No longer are fireflies something that your brother squishes on your shirt to make you nauseous.

Lidia Sambucetti, Ph.D, senior director in the biosciences department at , and her team of researchers are using them to determine if the drug combinations that they’re researching are effectively neutralizing cancerous cell growth. Specifically, their enzymes.

“The sensitivity is exceptional, as human organisms don’t make light,” Sambucetti said, as she took Patch through a tour of the Biosciences department’s newest endeavors.

The National Cancer Institute has asked SRI International researchers to take 100 FDA approved cancer drugs and combine them to see if they can identify customized ways to treat cancer.  She estimates that the combinations will result in 3.5 million data points, after they’ve tried 5,000 different drug medleys.

“The end point is to stop cell growth in the dish, which will enable us to determine if any combinations are more active than a single agent alone,” Sambucetti said.  These new agents will qualify for a follow up and then later tested in human tumor xenograft models to find out why they worked.

Since November of 2010, the team has been using firefly enzymes to tell if the cell growth in their test arrays has stopped. They determine this by measuring Adenosine TriPhosphate production, which is a fundamental energy unit that organisms produce when they’re alive.

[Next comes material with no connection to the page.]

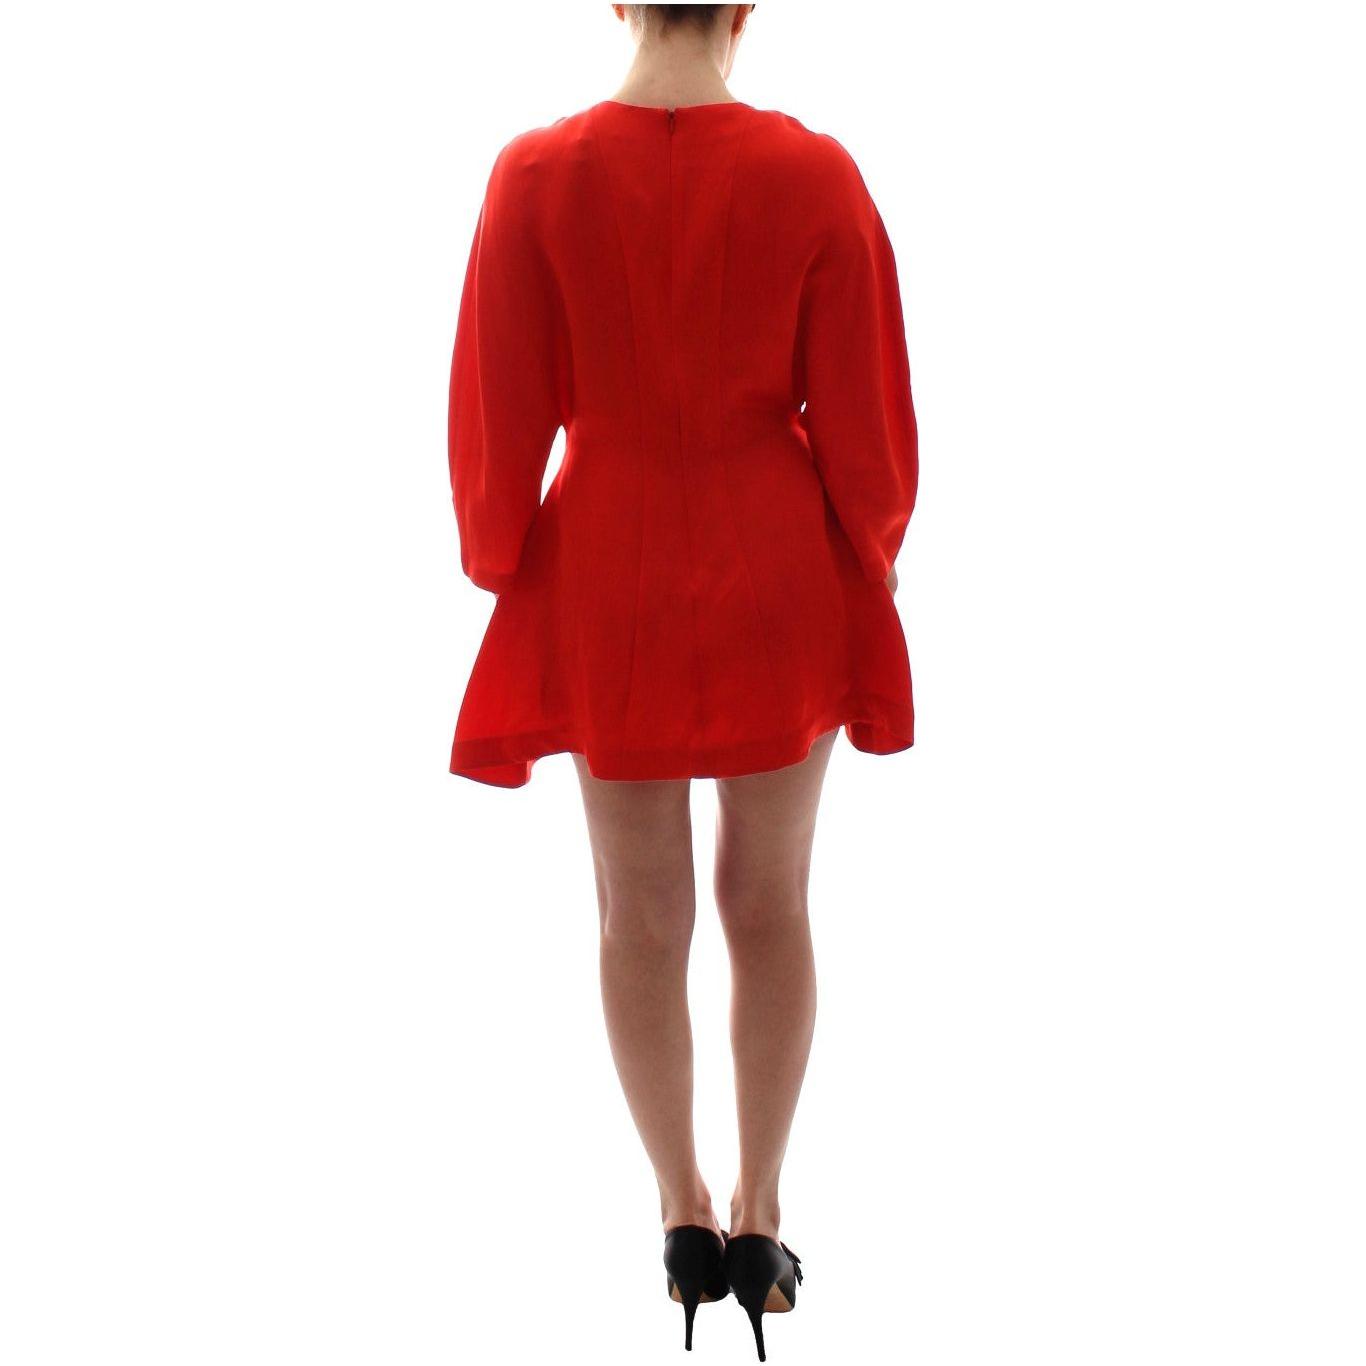 Fyodor Golan Radiant Red Linen Blend Artisan Dress red-mini-linen-3-4-sleeve-sheath-dress 185328-red-mini-linen-34-sleeve-sheath-dress-2.jpg

“When it’s killed, production of ATP stops, and this is visible in a firefly when it no longer makes light,” Sambucetti said.

The team is currently gathering the data produced and plans to analyze the data for the next year or so.

“The significant advantage of using this approach is that once new effective combinations are identified, we can move quickly into clinical testing, since we’re working with drugs that are already approved,” she said.